Artificial Intelligence 12 min read

FinCast: A Foundation Model for Financial Time‑Series Forecasting

FinCast introduces a decoder‑only Transformer foundation model for financial time‑series forecasting that tackles non‑stationarity, multi‑domain diversity, and multi‑resolution challenges through input chunking with frequency embeddings, a sparse MoE decoder, and a PQ‑loss, achieving zero‑shot and supervised gains over state‑of‑the‑art baselines while running five times faster on consumer GPUs.

Bighead's Algorithm Notes

Oct 23, 2025

FinCast: A Foundation Model for Financial Time‑Series Forecasting

Background

Financial time‑series forecasting underpins economic stability, policy making, and sustainable investment, but it faces three major challenges: (1) non‑stationarity – data distributions shift over time due to structural changes, investor behavior, and policy interventions; (2) multi‑domain diversity – stocks, FX, futures, etc., exhibit distinct patterns; (3) multi‑resolution – second‑level high‑frequency data capture noise‑driven fluctuations, while week‑level data reflect macro trends, making a single‑resolution model hard to generalize.

Problem Definition

Existing financial forecasting models suffer from (1) poor generalization across distribution drifts, domains, and resolutions; (2) over‑fitting and heavy domain‑specific fine‑tuning; (3) lack of uncertainty modeling, as mean‑squared‑error loss drives predictions toward the mean.

Method

FinCast is the first foundation model designed specifically for financial time‑series prediction. It adopts a decoder‑only Transformer architecture and introduces three innovations:

Input chunking & frequency embedding

Decoder sparse Mixture‑of‑Experts (MoE) with RMSNorm and causal attention

Output block with point‑quantile (PQ) loss

3.1 Input chunking and frequency embedding

Raw series X is split into N non‑overlapping blocks of length P. Each block is instance‑normalized to remove scale bias, then passed through a residual MLP to obtain the input hidden state h_{input}. A discrete frequency index f is assigned to each block; a learnable embedding Embed_{freq}(f) encodes the time‑resolution (second‑level, day‑level, etc.), enhancing the model’s ability to capture patterns across granularities.

3.2 Decoder MoE

RMSNorm replaces LayerNorm, normalizing by the L_2 norm to improve stability for large‑scale pre‑training.
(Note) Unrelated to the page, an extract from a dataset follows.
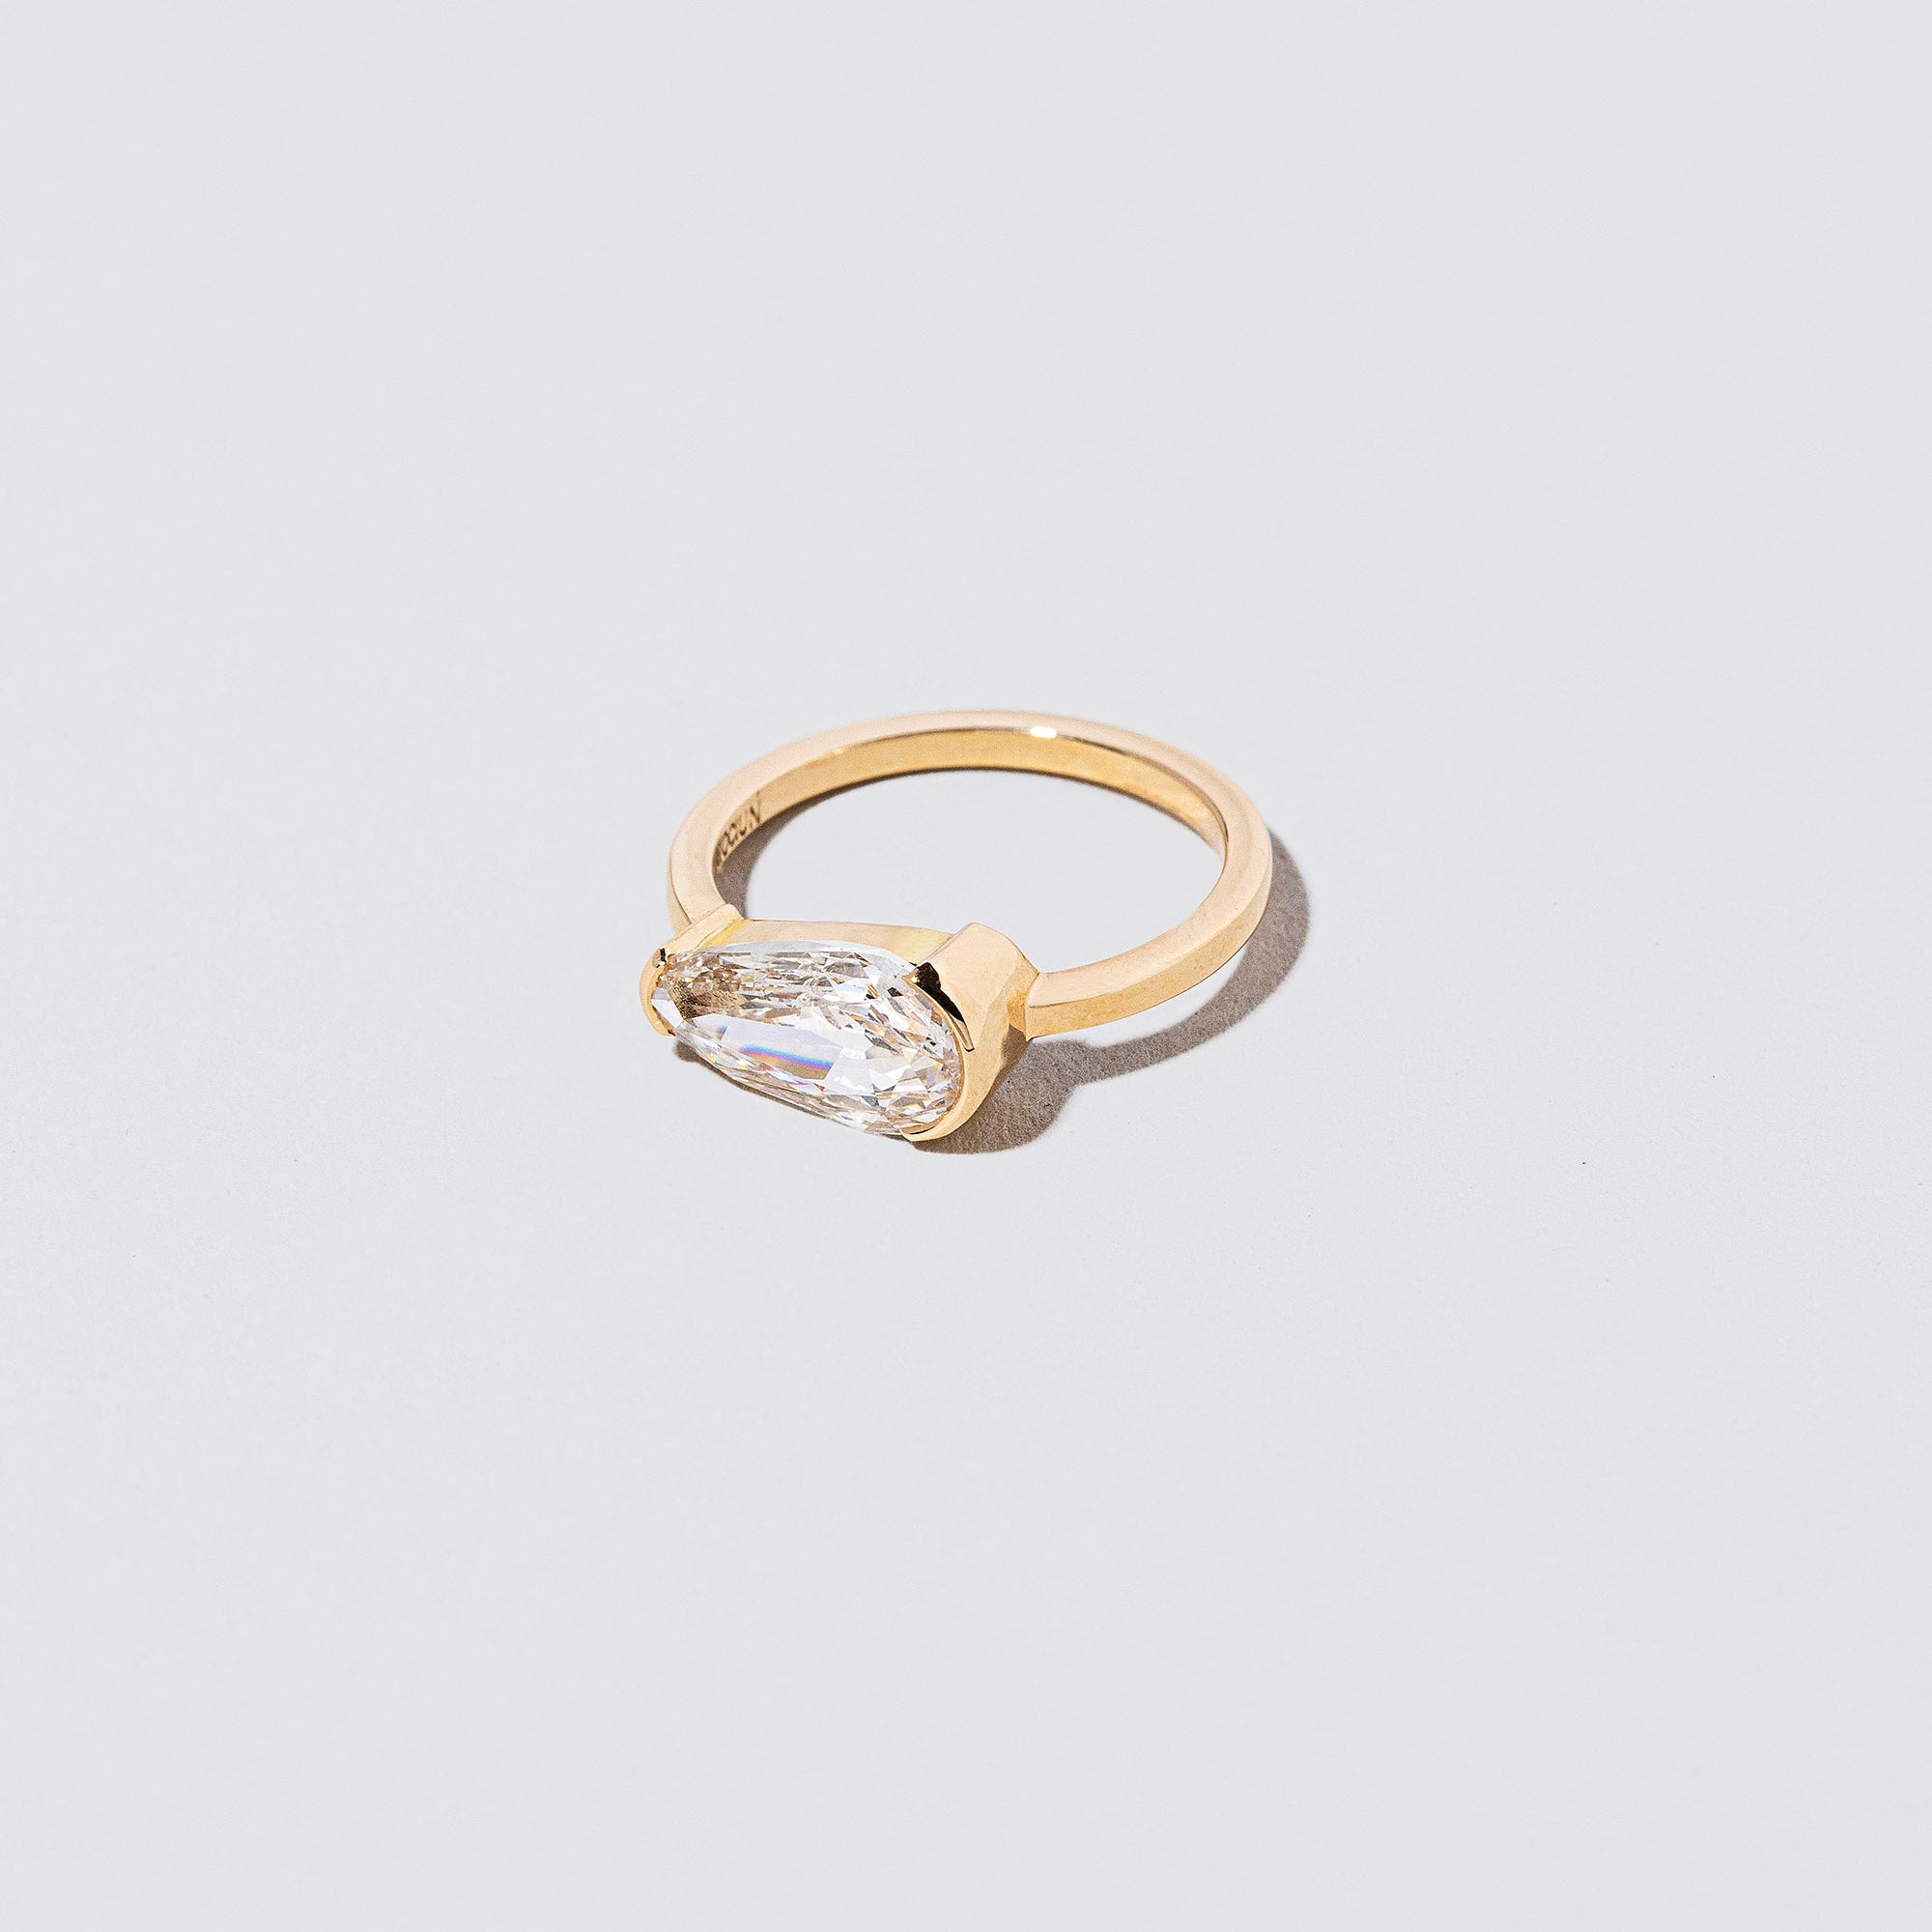 product_details:: Divination Ring on light color background.

Causal self‑attention masks future tokens; the query vector Q is dynamically scaled by a learnable parameter α to adapt feature dimensions.
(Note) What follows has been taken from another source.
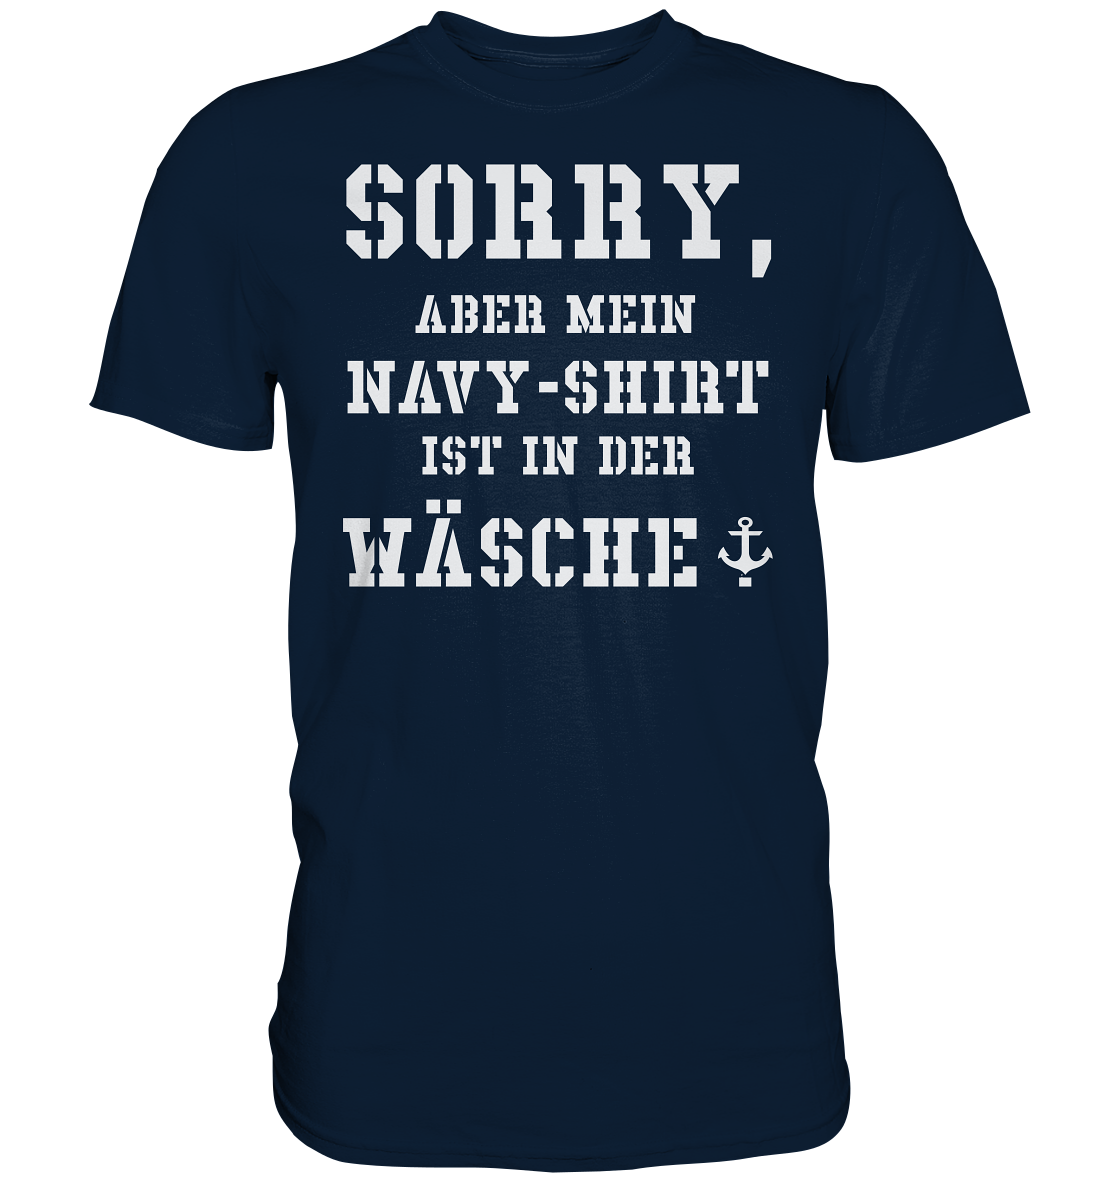 Sorry, aber mein Navy-Shirt... - Premium Shirt

Sparse expert mixture routes each token to the top‑ k experts ( k=2) via a gating network; gating scores s_{i,n} are softmax‑ed and the top‑ k are kept, then expert outputs are weighted and summed.
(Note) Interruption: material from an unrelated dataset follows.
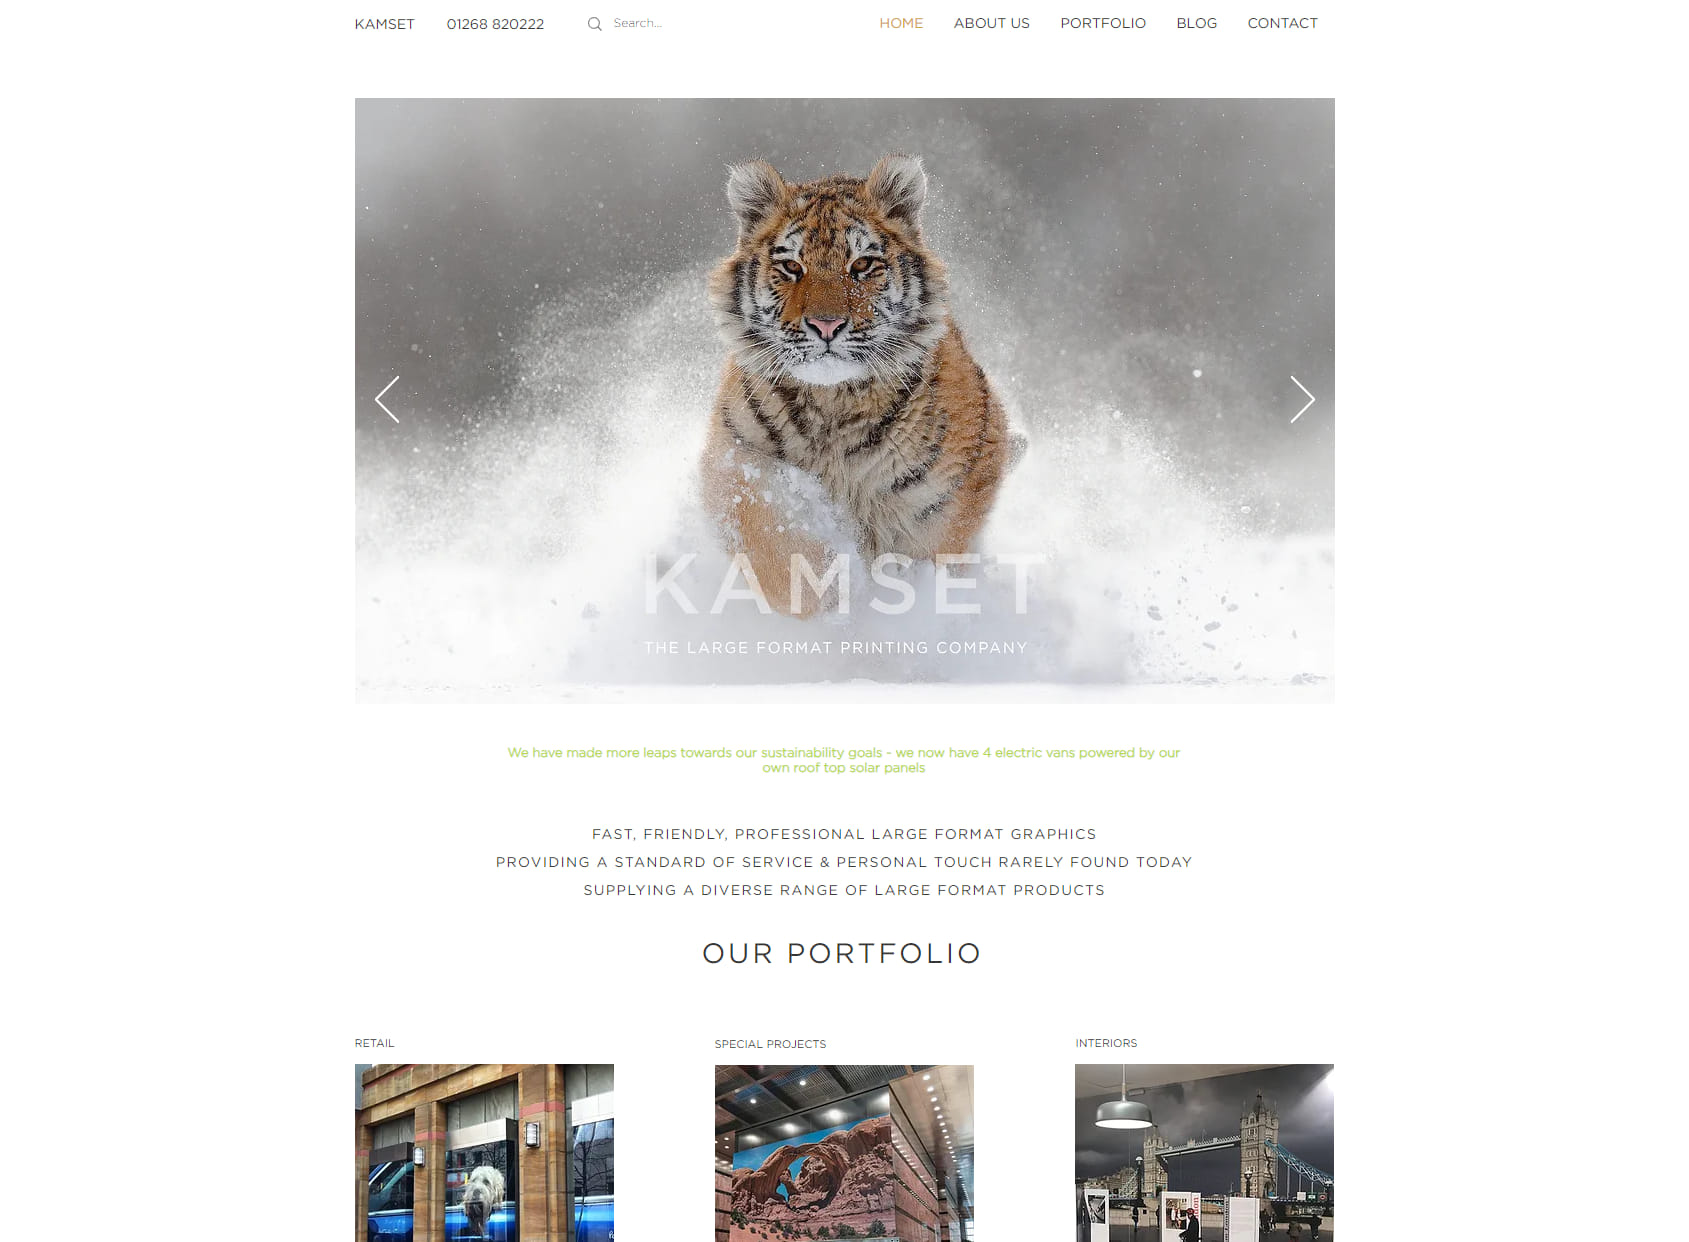 Kamset - The Large Format Printing Company

3.3 Output block and PQ‑loss

The decoder output passes through a residual MLP to project onto the prediction horizon H, then inverse‑normalization restores the original scale.

The PQ‑loss jointly optimizes four terms: point loss, quantile loss (for uncertainty), trend‑consistency loss (first‑order difference alignment), and expert regularization (balance loss L_{balance} and router‑entropy loss L_{router‑z}) to avoid expert collapse.

3.4 Training and inference

Pre‑training data : 2.4 M financial series (≈200 B time points) covering crypto, FX, futures, stocks, with resolutions from seconds to months.

Training configuration : 1 B‑parameter decoder, 4‑expert MoE (top‑2 routing), context length 1024 (high‑freq) / 256 (low‑freq), global batch size 8192, AdamW (lr = 2e‑4, weight decay = 0.05), 147 152 optimization steps.

Inference : autoregressive block‑wise decoding supports arbitrary context length L and horizon H, running efficiently on an 8 GB consumer GPU.

Experiments

4.1 Datasets and benchmarks

Zero‑shot benchmark : 3 632 series (4.38 M points) spanning crypto, FX, stocks, futures from minute to week granularity, disjoint from pre‑training data.

Supervised benchmark : US_71 (71 high‑liquidity US stocks, 2016‑2023) and US_14L (14 large‑cap stocks, 2005‑2023), split 7:1:2 for train/validation/test.

4.2 Results

Zero‑shot performance : FinCast beats TimesFM, Chronos‑T5, TimesMOE on all horizons ( h=10,30,60), reducing average MSE by 20 % and MAE by 10 %; it ranks first in 23 of 36 sub‑datasets (MSE) and 25 of 36 (MAE).

Supervised performance : Both zero‑shot and fine‑tuned (adjusting output block and last 10 % MoE layers) surpass SOTA baselines PCIE, PatchTST, D‑Va; zero‑shot MSE ↓23 %, MAE ↓16 %; fine‑tuned MSE ↓26 %, MAE ↓19 %.

4.3 Ablation study

Removing sparse MoE raises MSE by 9.32 % (expert homogenization). Removing PQ‑loss raises MSE by 7.62 % (prediction collapse). Removing frequency embedding raises MSE by 4.38 % (loss of explicit resolution encoding).

4.4 Inference speed

On an NVIDIA RTX 4060 (8 GB VRAM), FinCast’s inference is five times faster than generic time‑series models while delivering higher accuracy, meeting real‑time requirements of high‑frequency trading.

4.5 Qualitative analysis

Zero‑shot predictions accurately capture minute‑level crypto volatility, daily stock trends, and weekly futures cycles, avoiding the flat predictions of baseline models.

Supervised predictions retain trend consistency under distribution shifts (e.g., sudden drop at the end of the input window), whereas baselines become overly conservative due to limited training distribution.